In an attempt to placate the rising unrests and re-establish control over the country, on the 21st December Ceaușescu addressed a support rally of over 100,000 people, many of whom were workers that had been brought in to attend this assembly under threat of being fired. This decision backfired: two minutes into his speech, the crowd started turning against him and eventually developed into a full-fledged riot.

Ceaușescu was forced to hide and later flee when the entire city began to rise against the regime forces and its infamous political police, the Securitate. Ceaușescu and his wife fled the capital on the 22nd of December, but were captured not too long after that. After a show-trial on the 25th of December, the dictator and his wife were executed by a firing squad, marking the end of 42 years of Communist rule.

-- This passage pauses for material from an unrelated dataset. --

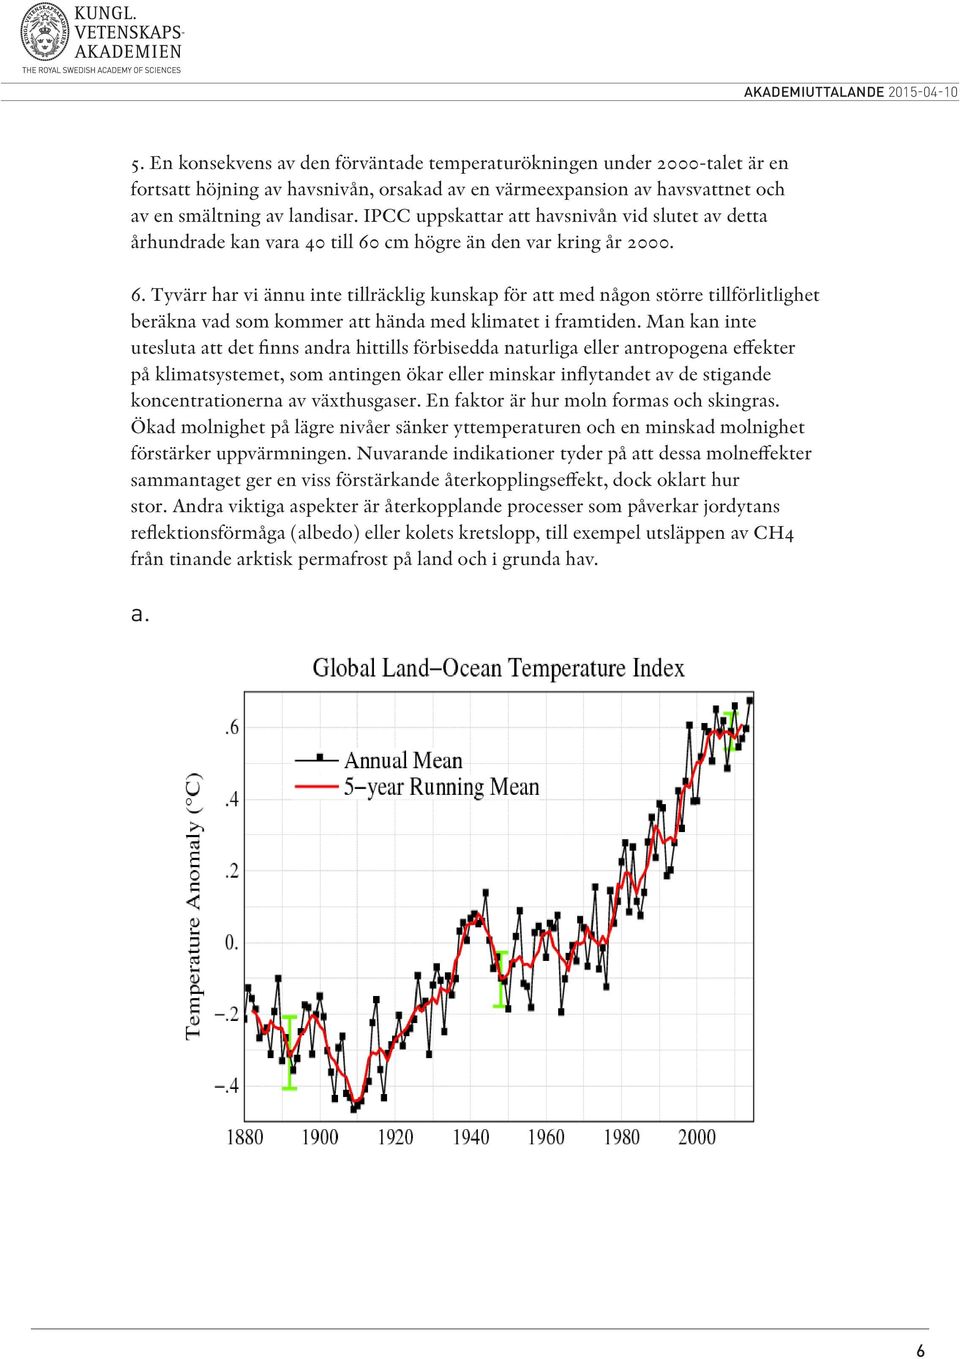 cm högre än den var kring år 2000. 6. Tyvärr har vi ännu inte tillräcklig kunskap för att med någon större tillförlitlighet beräkna vad som kommer att hända med klimatet i framtiden.
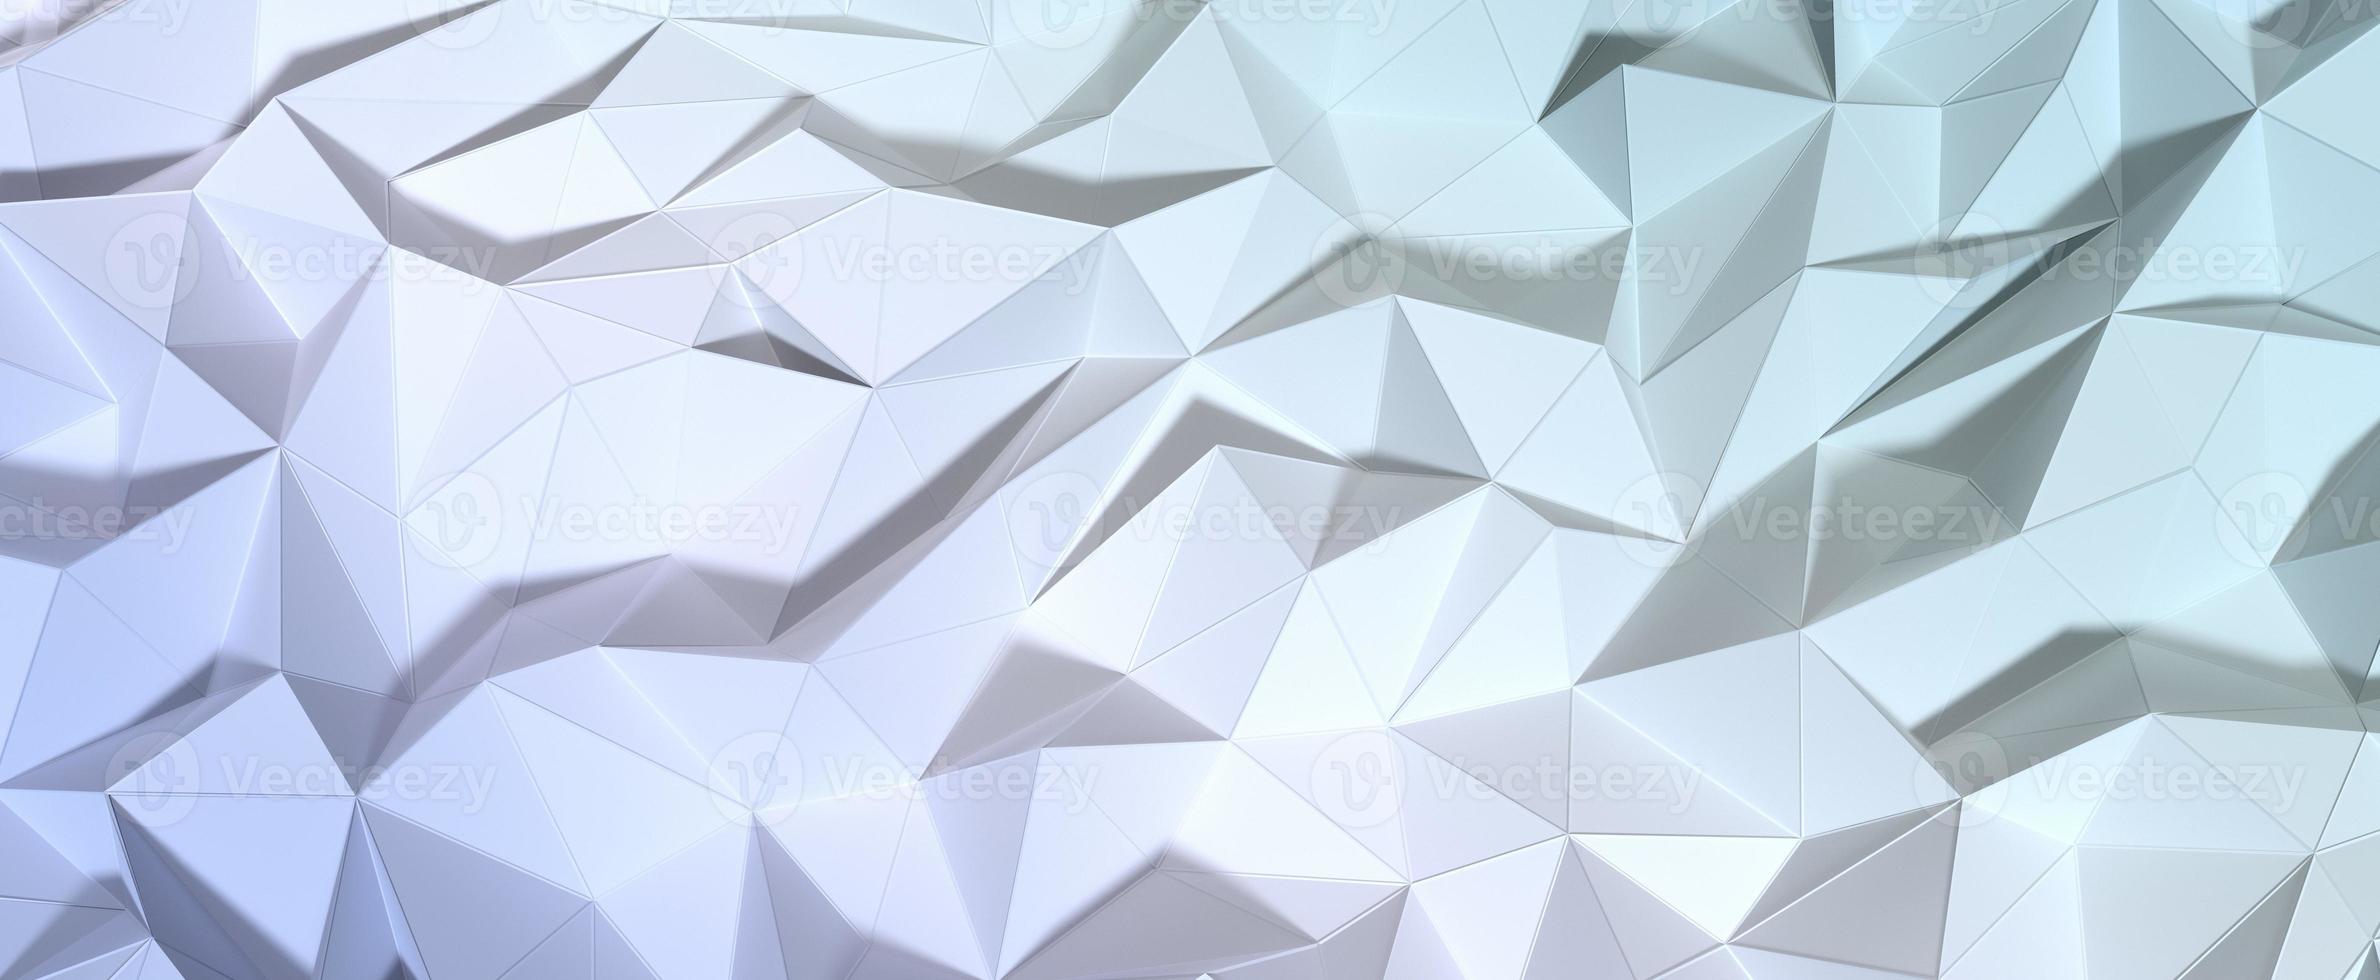 superficie cristalina poligonal con gradiente apagado. mosaico geométrico de malla de renderizado 3d con tinte beige y plateado. texturas digitales triangulares apiladas en formaciones creativas con interior futurista foto

Although it had developed and culminated in just a few days, the Romanian revolution witnessed a regular use of disinformation tools by regime forces, with Securitate agents and officials attempting to create a wind of panic within the country and turn fighting groups against each other. Additionally, confusion amongst the military due to contradictory orders in the days following Ceaușescu’s fleeing vastly contributed to the death toll of the revolution. By the time the violence ended, over a thousand people had lost their lives.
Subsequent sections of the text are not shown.